So how do you go about making an album that's enjoyable in its own right from such an eclectic mix of sources? Well, Indians & Cowboys isn't Den Sorte Skoke's first foray into sampling. As DJs, they often mixed and layered vinyl, which led to two sample-heavy mixtapes, Lektion #1 and Lektion #2, and the fully sample-based album Lektion #3.

They were big fans of DJ Shadow and RJD2, two legendary sample-based producers and DJs, but didn't want to just replicate those artists. "We put up some rules," said Højland. "One of those rules was to sample as many different musical cultures as possible—a thing that had become much more possible with the internet."

Through the web, the group could research and buy vinyl records from all over the world, growing their sample base. They added to this vinyl base by looking for obscure blogs hosting interesting music downloads, and then went out and found the vinyl version to add to the mix.
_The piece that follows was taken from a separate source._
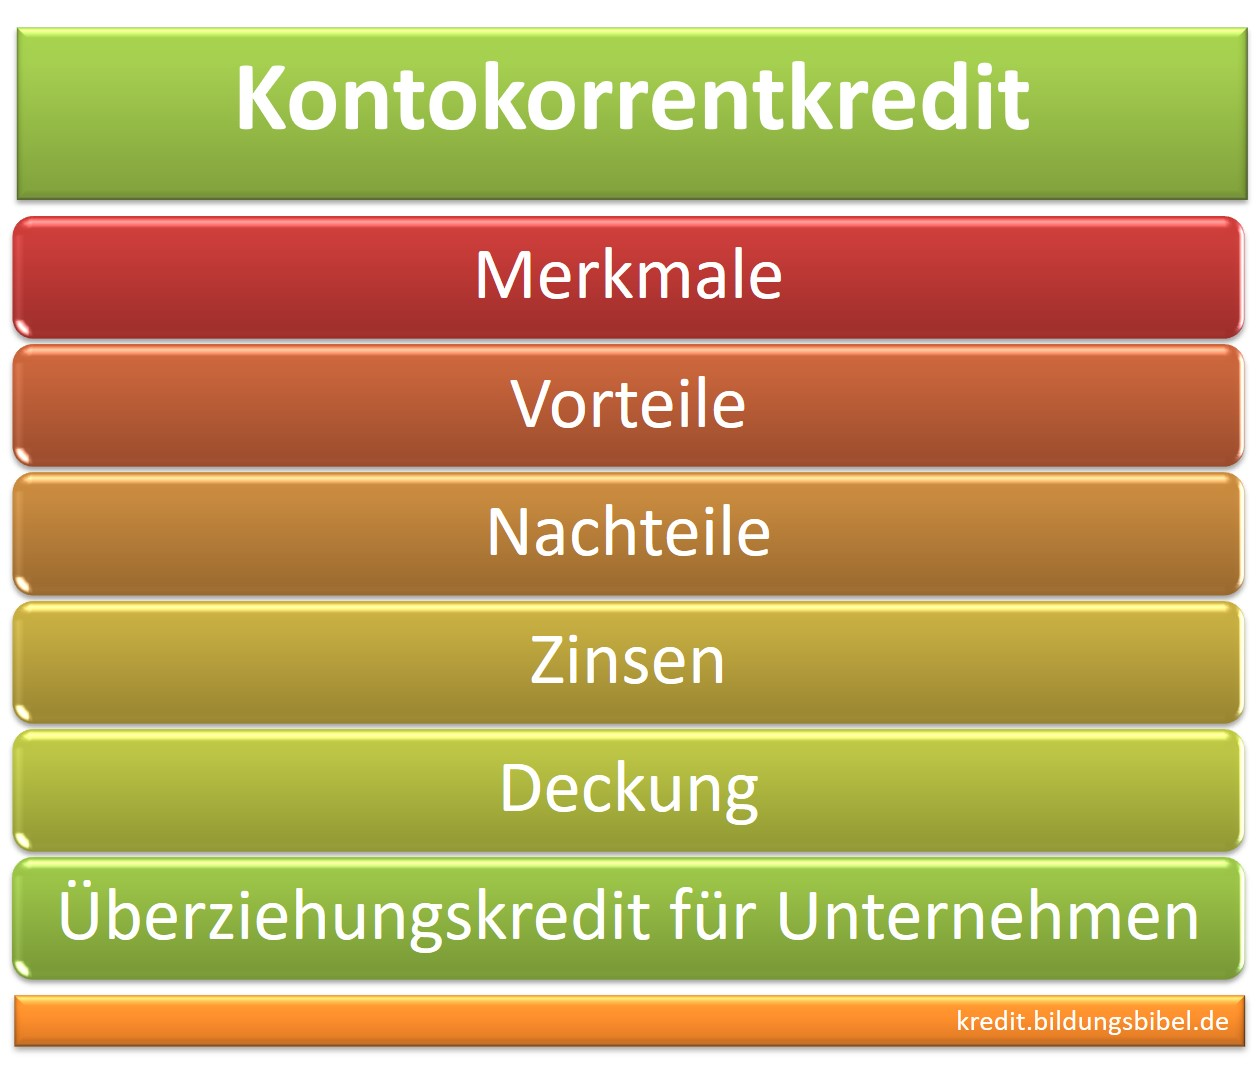 Der Kontokorrentkredit die Merkmale, Vorteile und Nachteile, Zinsen, Deckung, der Überziehungskredit für Unternehmen
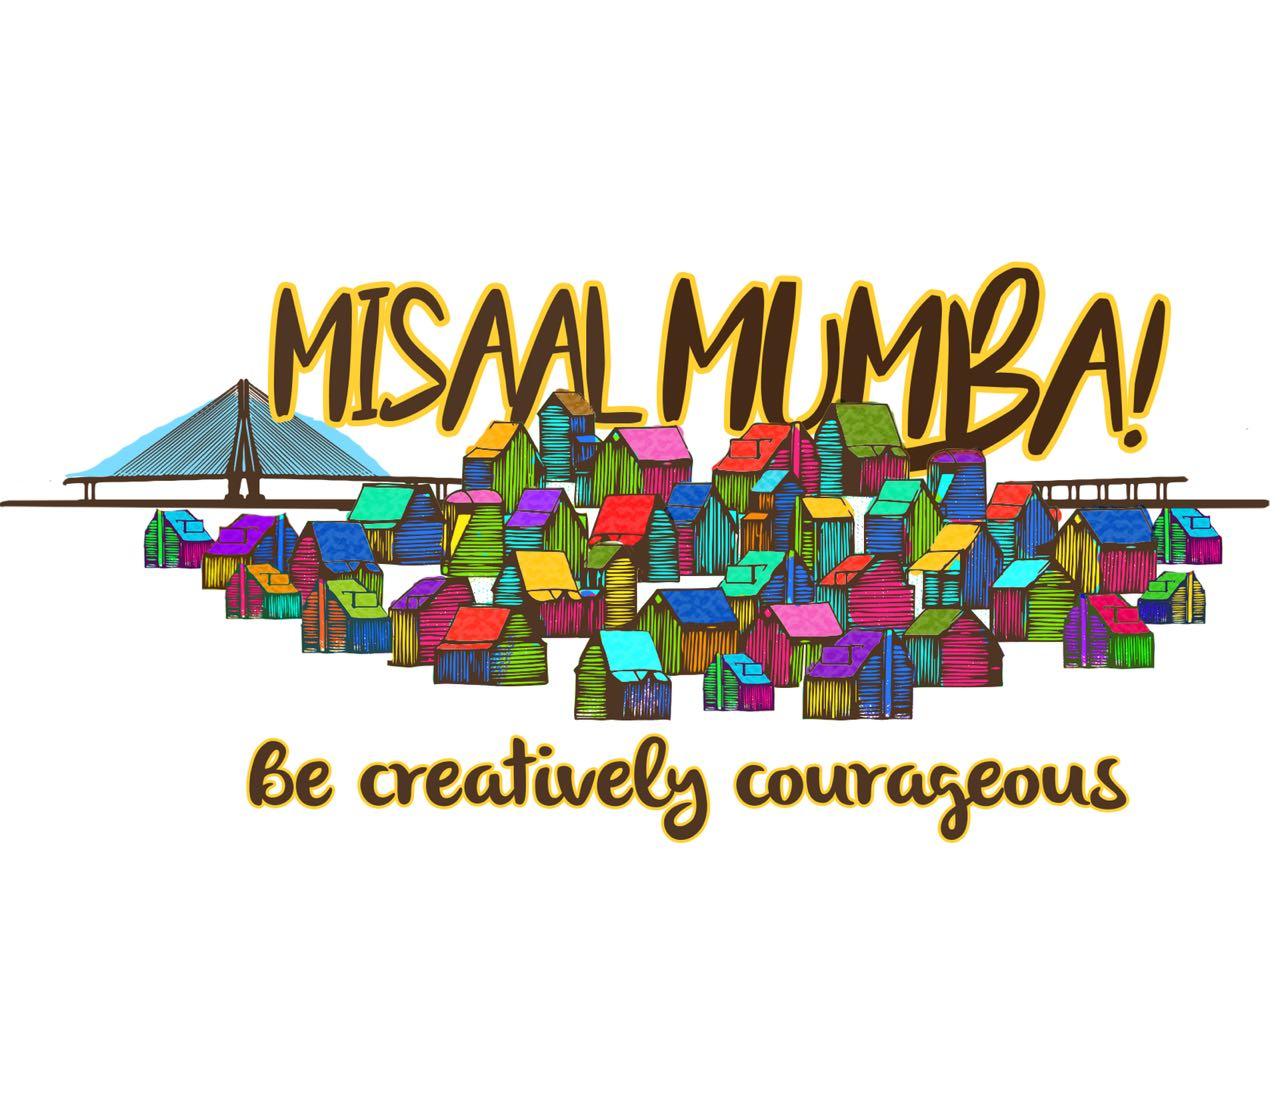 Misaal Mumbai Initiative By Rouble Nagi

"When we look for samples, we look for isolated instruments or vocals—small passages where a flute, a kick drum, a bass note, a piano note and guitar melody lies all alone by itself, with no other sounds disturbing," said Simon Dokkedal, the other half of Den Sorte Skole. "Then it is perfect for sampling."

They also look for interesting non-musical sounds and textures like field recordings, mechanical noise, and early experiments in electronic music. All of it becomes, as Dokkedal explained, part of a "musical treasury" or archive they built on Serato Scratch, vinyl emulation software, which was the starting point for Indians & Cowboys.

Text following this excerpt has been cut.